Bianca Ioan of Asebuss shares the view that employers will not be so generous with their cash. “Even in the years of economic growth we saw the trend from other countries, where fewer students were supported by their employees. They want to have freedom from their employer. In Romania we have seen a drop in financing from companies, from 90 percent or even full payment in the 90s, when we started the program, to around 70 percent. The downwards trend will continue and this year more students will decide to pay for themselves,” Ioan predicts.
It is the same picture elsewhere. “We have definitely seen a decrease in employer financing of MBAs in the last year. We expect this to rebound slightly in the coming year,” says Oliver Olson, who reveals that under half of the CEU Business School Students have their employers pay for their training program. “Employer financing schemes vary considerably. Some are 100 percent sponsored while some have 25 percent sponsorship. Others must pay themselves, but the employer pays the fee up-front and the employee has the cost
deducted monthly from their salary,” he adds.
On the Romanian-Canadian MBA, less than 10 percent of the students are sponsored by their companies, according to Adriana Dutescu.
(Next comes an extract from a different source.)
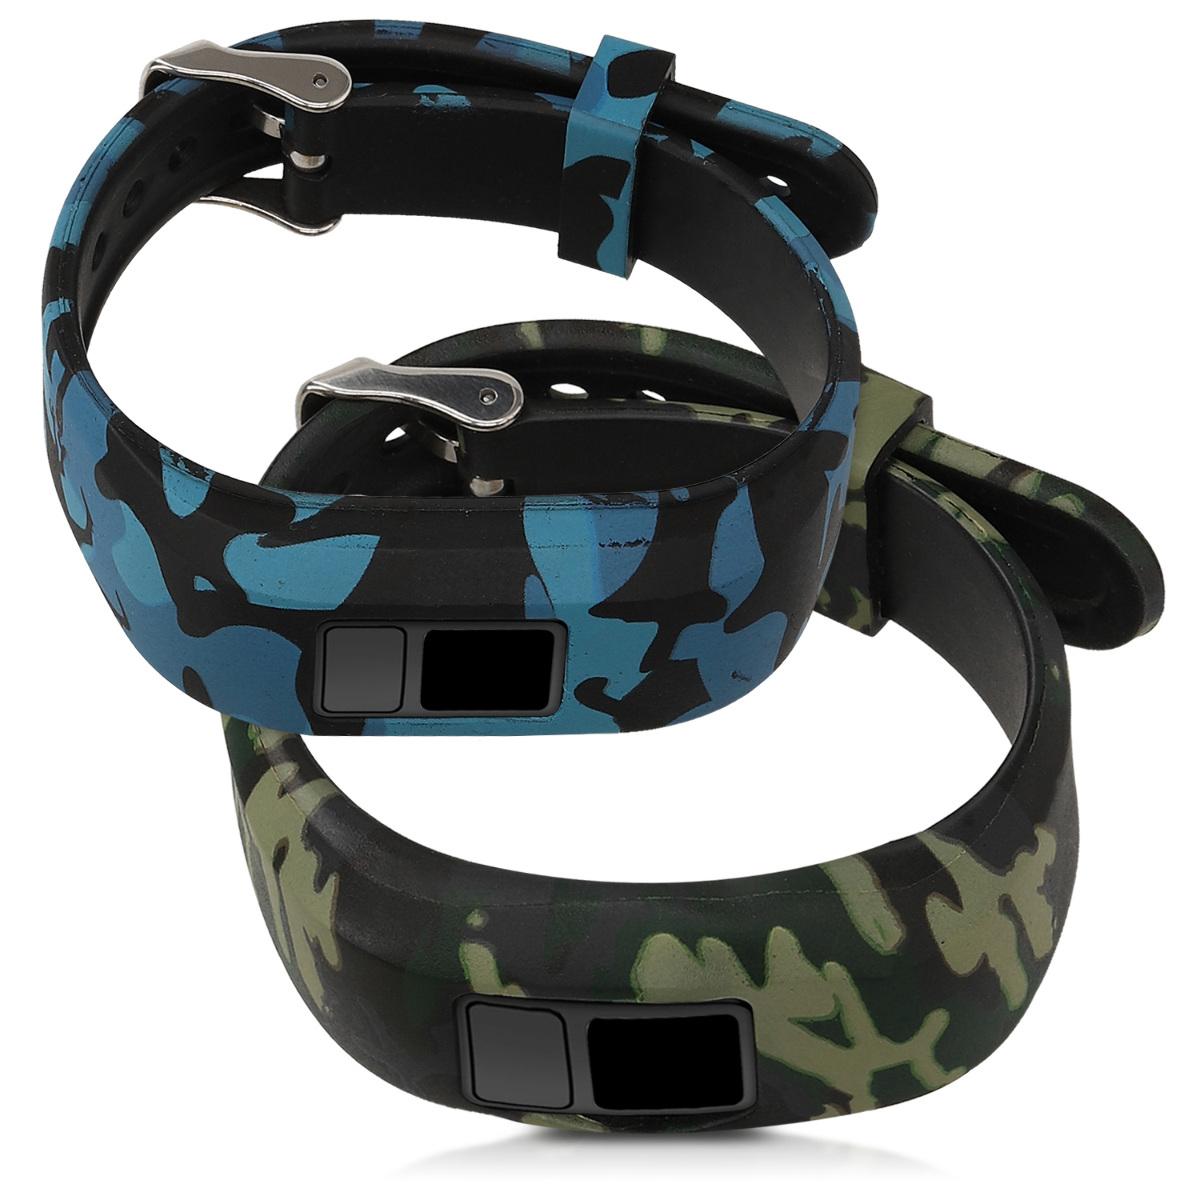 2x Sportarmband für Garmin Vivofit jr 2 Fitnesstracker TPU Smartwatch Band jr

“The number of students receiving financial support from their companies has declined dramatically in the last couple of years. Actually there was a noticeable shift regarding this matter. Two years ago, the proportion of students receiving support from their companies was about 90 percent. Now, the situation is quite the opposite,” says Dutescu.
Students' own money, either their equity or bank financing, or employer financing are not the only ways to pay for an MBA or an EMBA program. EU funds could cover portions of the necessary amounts, if applicants have access to information on how to access these funds. Some schools have already received demand from small and medium enterprises, which have been encouraged by the possibility of using such funds. “But it is hard to get information on structural funds and it doesn't help anybody, either training companies or individuals. There are funds given to training companies to offer free courses, or funds given to individuals and companies which are allowed to choose the courses they want and pay the training company for those courses,” explains Bianca Ioan. Another trend she has seen on the market is the number of students from banking and finance decreasing, as “these companies are currently undergoing restructuring, which makes decisions about MBA programs slower,” she says. Many students also now come from the energy sector.
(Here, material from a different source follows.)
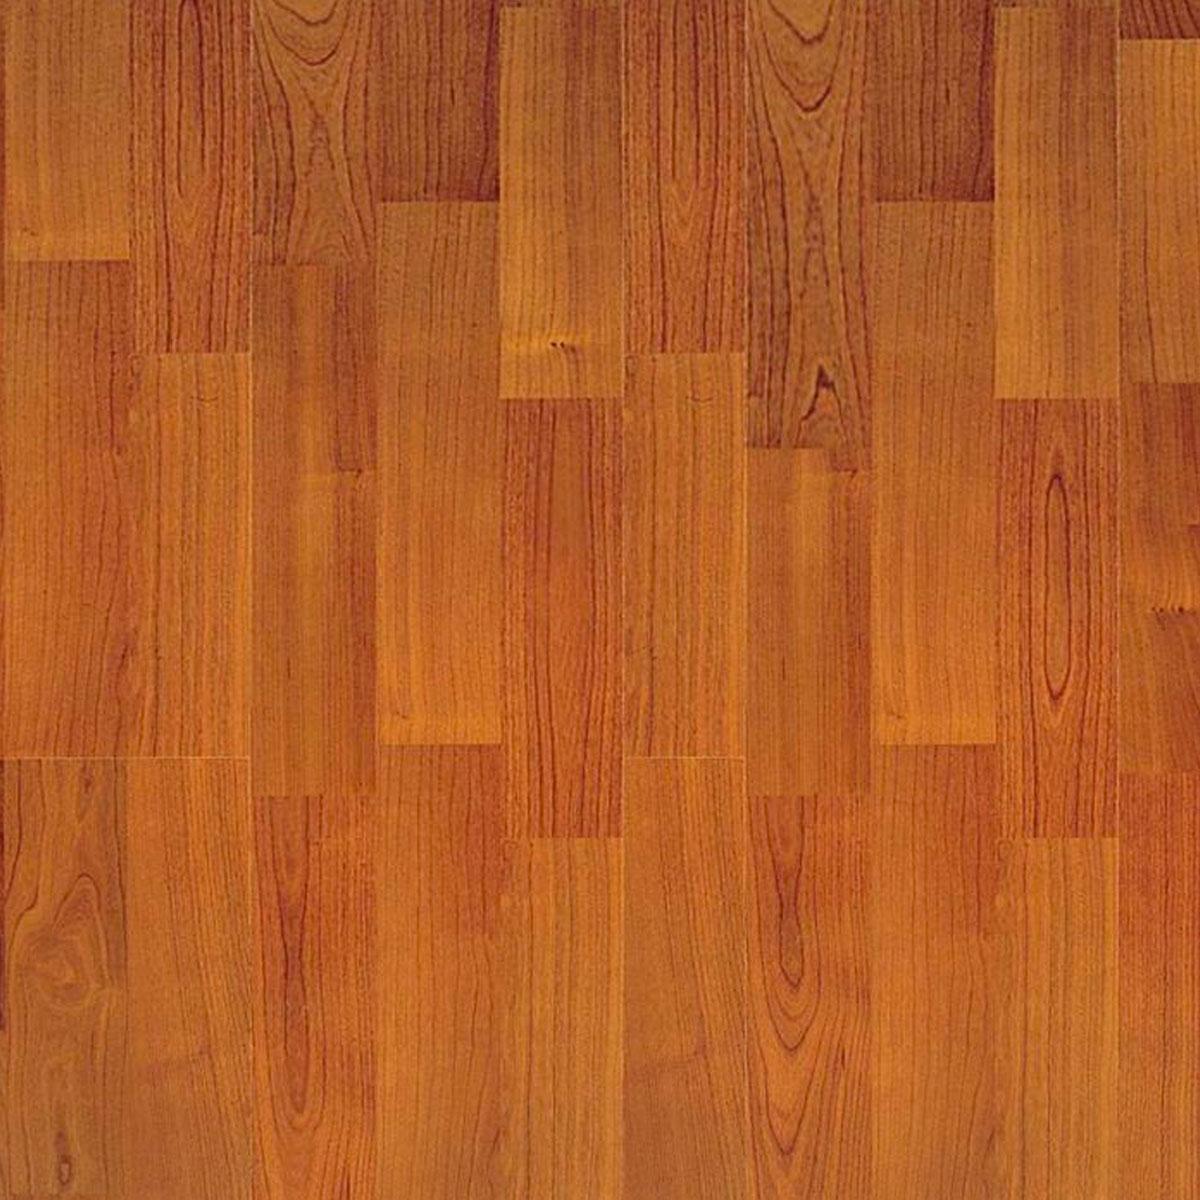 Lifestyle Floors Kensington Autumn, Superior Quality Laminate Flooring

Schools which offer MBA and EMBA programs in Romania are either private institutions, usually non-profit, or work in partnership with a public university here in Romania.
For those private schools, financing comes entirely from the school fees paid by students, but in other countries, the revenues of such an institution may be increased through additional sponsorship.”We would like to see such grants in Romania too, but the country hasn't reached that stage yet,” concludes Ioan.